The question over the consultative process gains further momentum when viewed from a political survival standpoint. The demonetisation exercise will adversely affect small traders and shopkeepers, a segment of society which has traditionally remained a strong BJP vote bank. Most businessmen in this segment depend on cash transactions and PM Modi’s move is bound to discomfit their operations. Given this bloc’s importance, there must have been some serious back-room calculations about going ahead with such a measure.
And a calculated move it is. One probable clue lies in the fresh issuance of Rs 500, 1,000 and 2,000 denominations after a brief hiatus. So, if you ignore the short term spike in chaos, inconvenience and rhetoric, the cash economy is bound to make a comeback in a couple of months, albeit in the form of newly-designed currency. That should give the traders and small shopkeepers some succour.
But, it will require the party apparatus to reach out to various trade associations and federations to communicate with them, assuage them, and address their concerns in the short term.
This will be doubly necessary given the other three-alphabet headache that’s hurtling towards small businesses at breakneck speed: GST. The new tax system envisages a complete overhaul of tax assessment, calculation and reporting. That chaos is in the not-too-distant future, it will create huge turmoil with the trading class having to register with the tax authorities, re-skilling themselves in figuring out the new tax structure, as well as chasing tax credits from authorities. As an example, shopkeepers and small businesses in Malaysia took to the streets early this year, frustrated at the complexity involved in complying with GST.

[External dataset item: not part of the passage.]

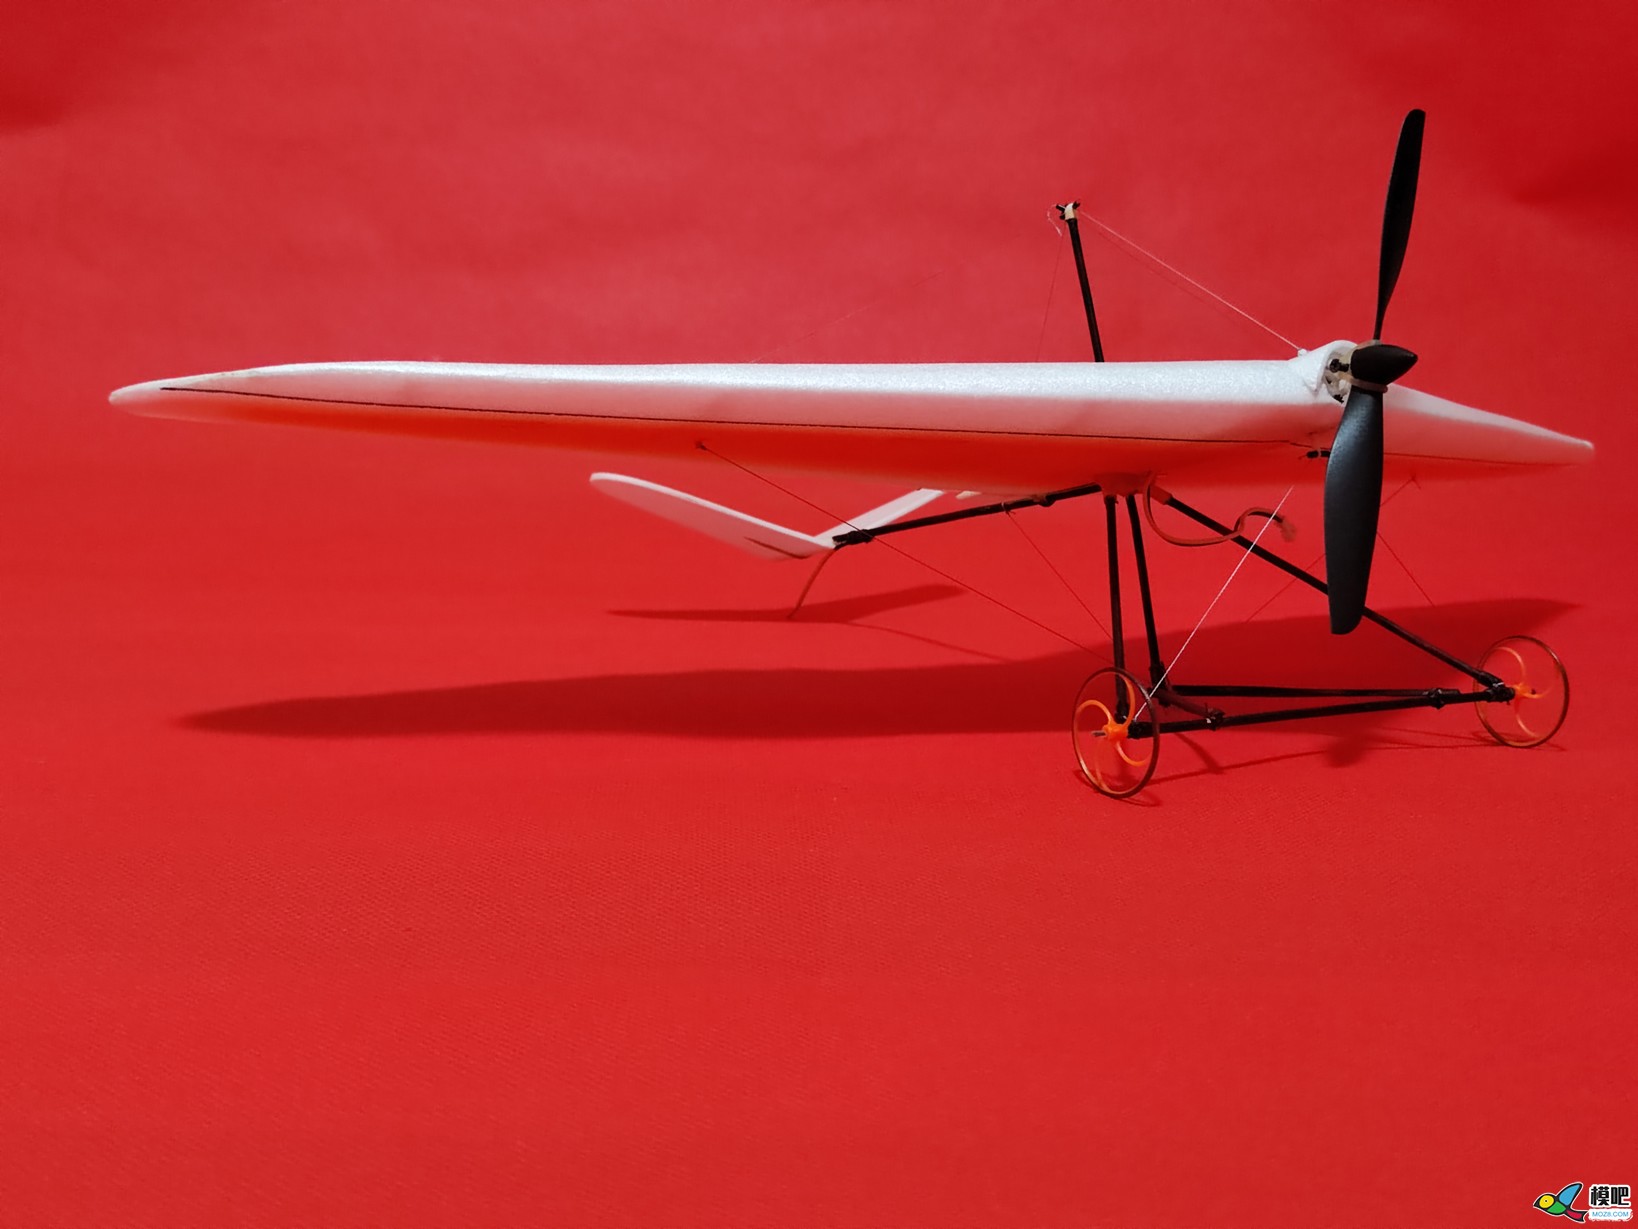 【爱因制造】自制不知名滑翔飞翼机 电池,图纸,接收机,飞翼,滑翔伞 作者:xbnlkdbxl 6652

This is political issue No. 3 for the BJP and its spiritual bosses at RSS.
In the final analysis, the whole exercise seems designed to replace, rather than demonetise (which is to suck out completely and abolish), high-value notes. Counterfeiters will be hurt, middle-class families will be discommoded, and some currency hoarders will be disrupted, but the cash economy will return to a new normal in a few months. But, only after the UP elections.